As to the balance of hardships, Mylan contends that, if an injunction issues, it will suffer the harm of delay in receiving a return on its investment in marketing generic topiramate. InGlaxo Group Ltd. v. Apotex, Inc., 64 Fed. Appx. 751, 756 (Fed. Cir. 2003), the Federal Circuit considered the same argument and rejected it. As in Glaxo, Ortho here stands to "lose the value of its patent," while Mylan "would only lose the ability to go on to the market and begin earning profits earlier." Id. The balance of hardships factor favors the grant of the preliminary injunction.
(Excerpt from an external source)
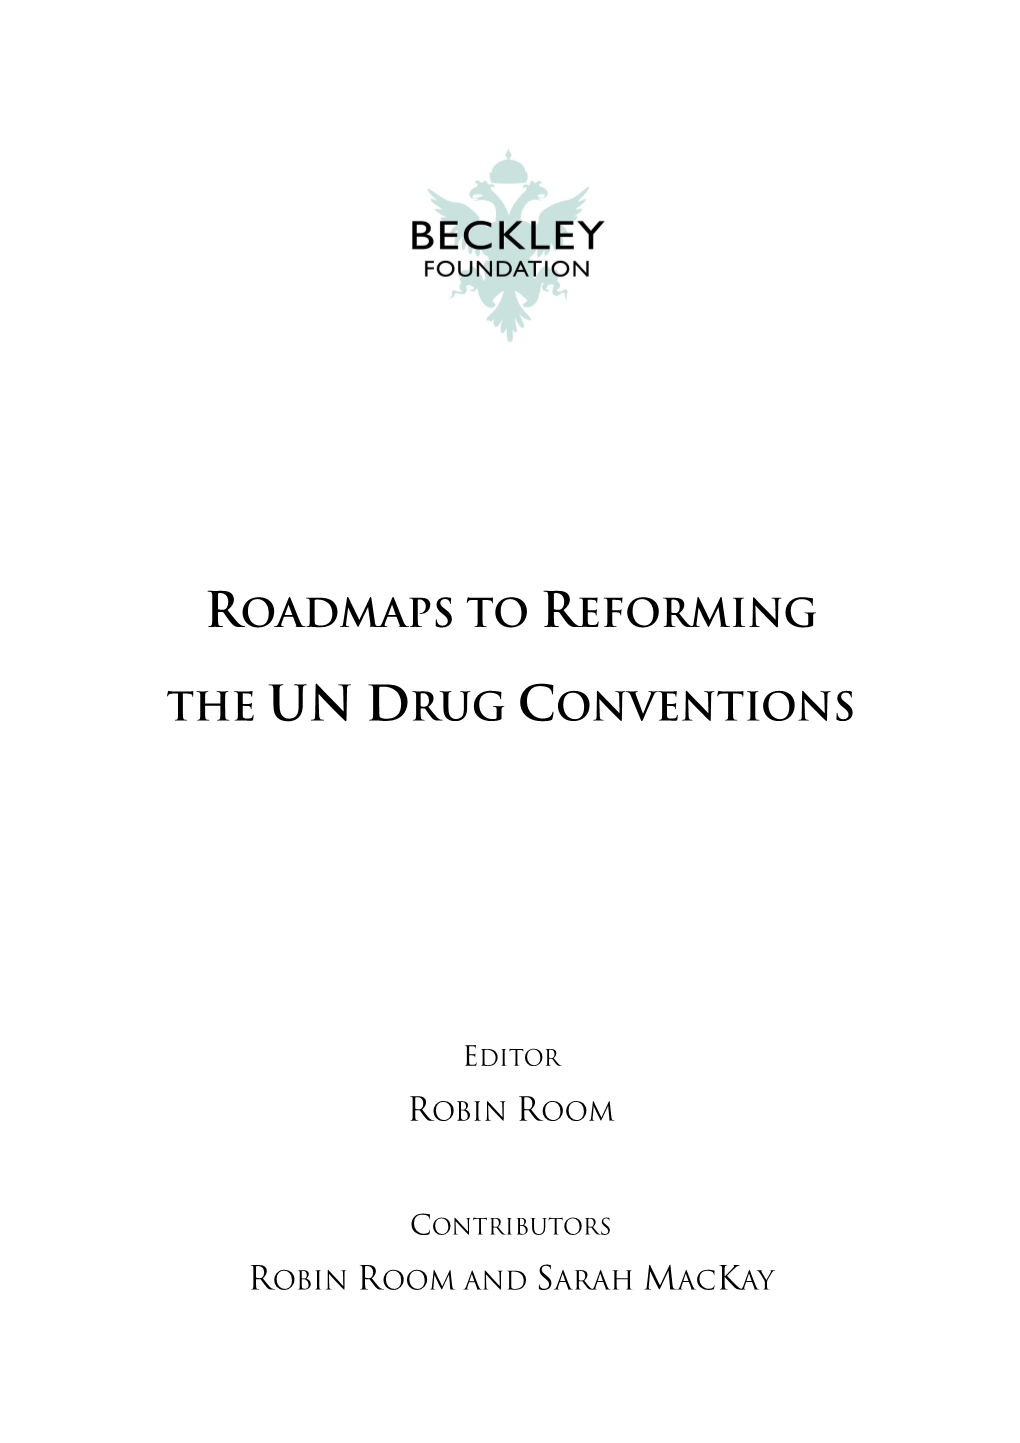 Report Roadmaps for Reforming the UN Drug Conventions

As to the public interest, Mylan argues that the public would benefit from the increased competition in the pharmaceutical market that would come with denial of the injunction. Again, the Federal Circuit has considered and rejected this argument: "Selling a lower priced product does not justify infringing a patent." Pfizer, 429 F.3d at 1382 (quoting Payless Shoesource, Inc. v. Reebok Int'l Ltd., 998 F.2d 985, 991 (Fed. Cir. 1993)). The public interest favors enforcing a valid patent against an infringer, and weighs in favor of granting the preliminary injunction.
CONCLUSION
For the reasons stated above, this Court finds that all four factors in the preliminary injunction analysis weigh in favor of granting Ortho's motion for a preliminary injunction. To show an overall likelihood of success on the merits, Ortho needed to demonstrate a likelihood of success in showing that Mylan would infringe one or more claims of the '006 patent, and that one or more of such claims will likely withstand Mylan's challenges to validity. Because Mylan has not disputed that it would infringe claim 1 of the '006 patent, and Mylan failed to raise a substantial question of claim 1's validity, Ortho has demonstrated a likelihood of success on the merits. Having established a likelihood of success on the merits, Ortho is entitled to a presumption of irreparable harm, which Mylan has not rebutted. The balance of hardships and public interest factors also weigh in favor of Ortho. Because all four factors weigh in favor of granting the injunction, Ortho's motion for a preliminary injunction, pursuant to 35 U.S.C. § 283, is granted.